_PROBLEM STATEMENT_
Restate each line below word for word, skipping every picture.

_PROVIDED DATA_
******

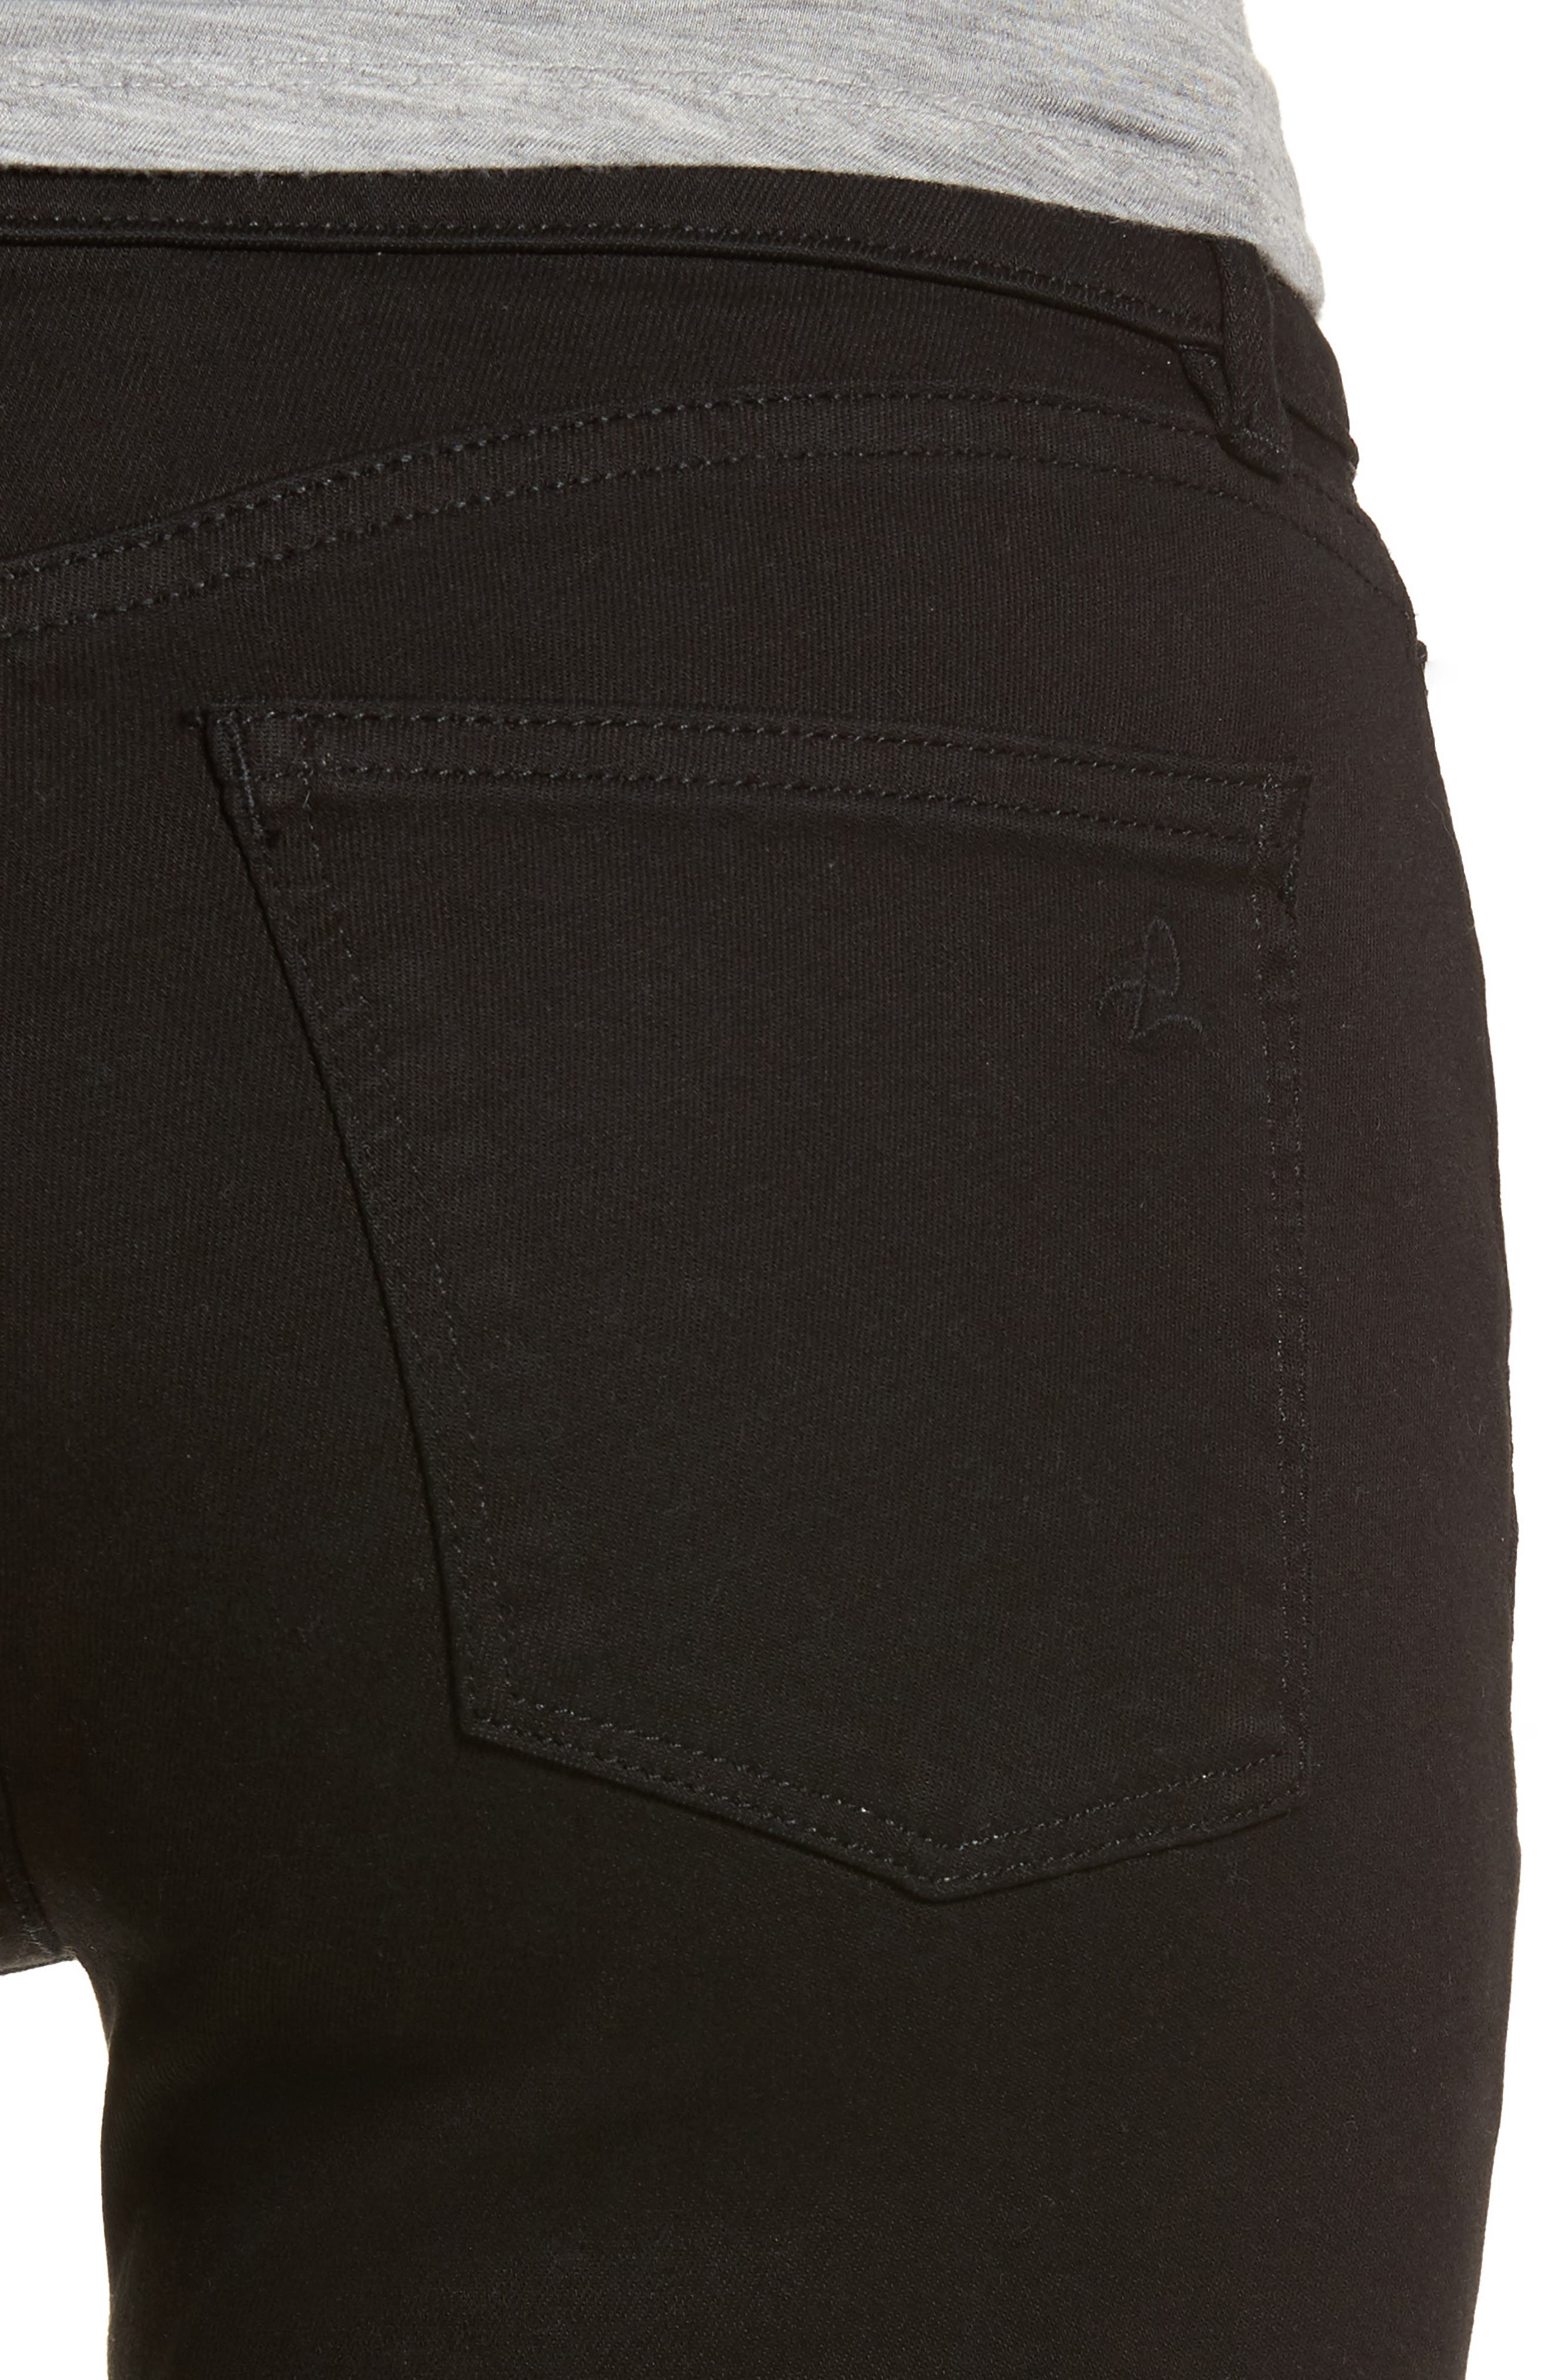 Coco Curvy Straight Leg Jeans,                             Alternate thumbnail 4, color,                             001
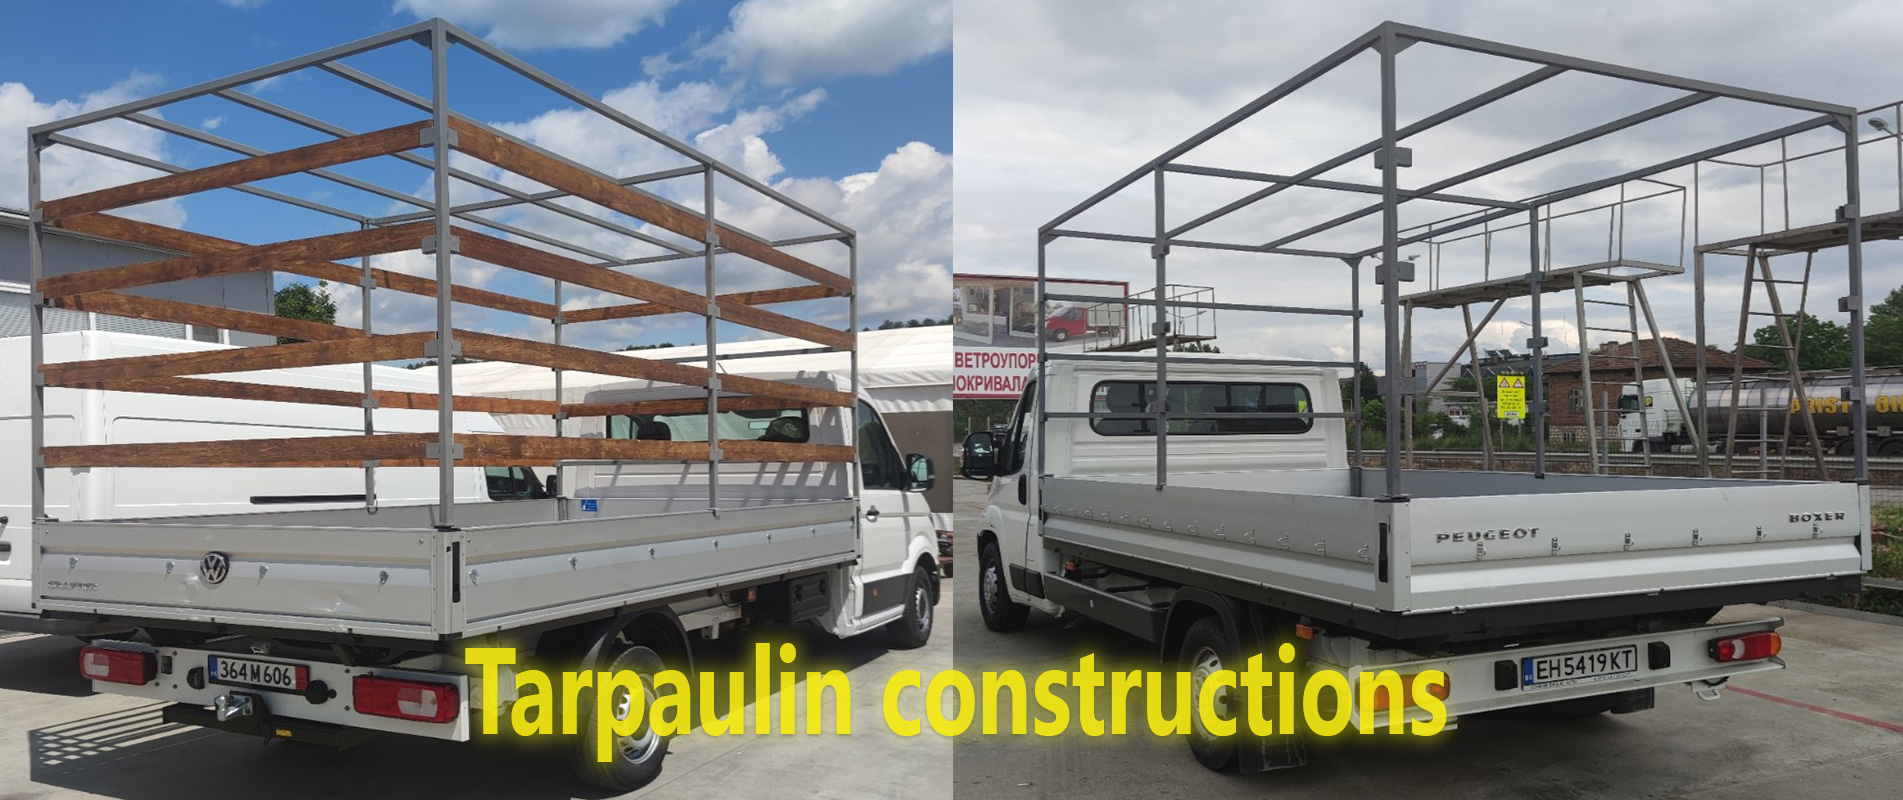 Constructions for tarpaulin
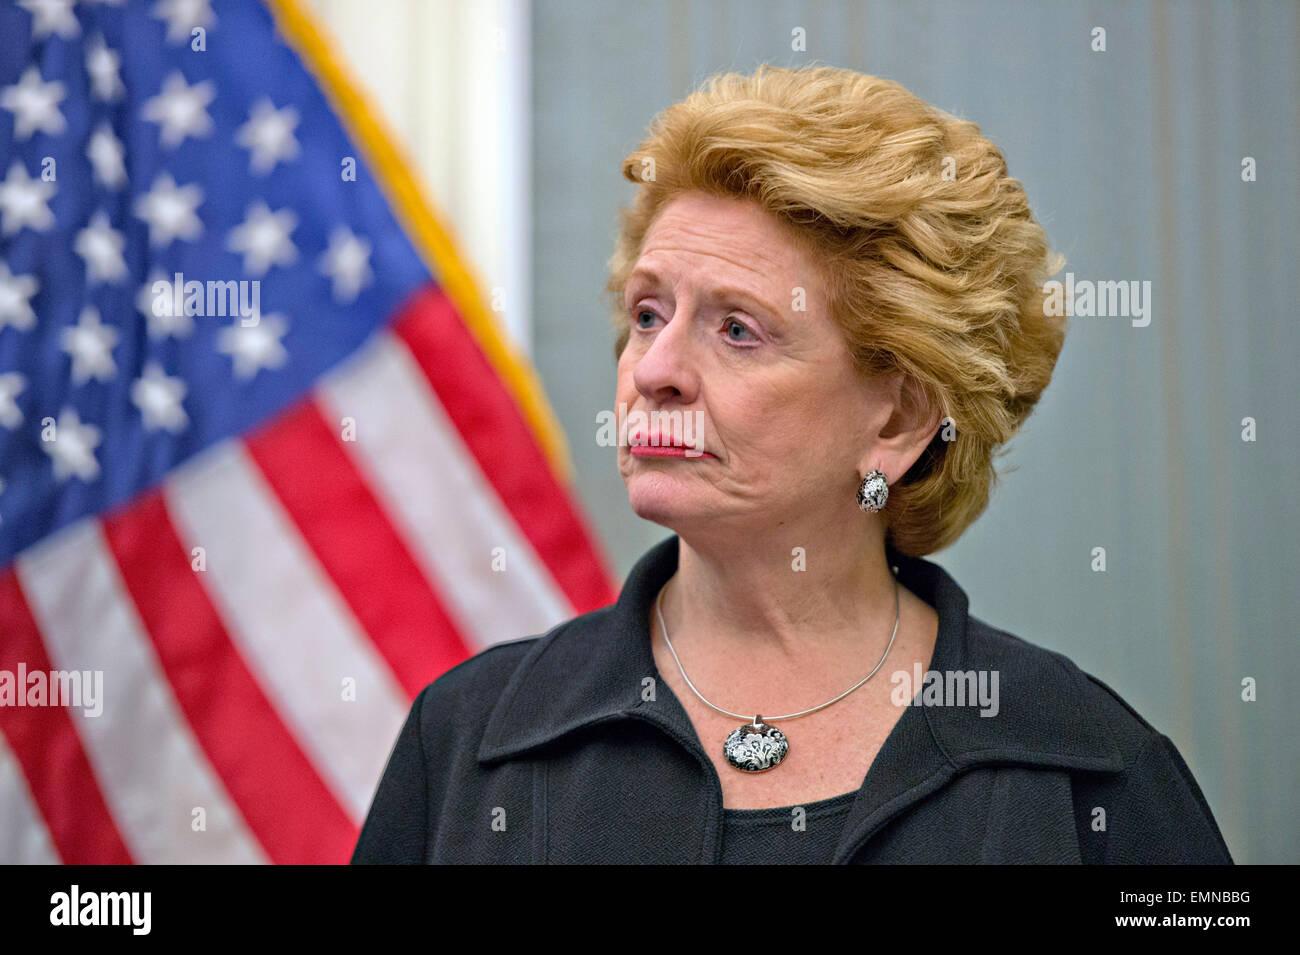 US Democratic Senator Debbie Stabenow joins other Senators for a press conference April 16, 2015 in Washington, - Stock Image

******

_YOUR RESPONSE_
 Coco Curvy Straight Leg Jeans,                             Alternate thumbnail 4, color,                             001
 Constructions for tarpaulin
 US Democratic Senator Debbie Stabenow joins other Senators for a press conference April 16, 2015 in Washington, - Stock Image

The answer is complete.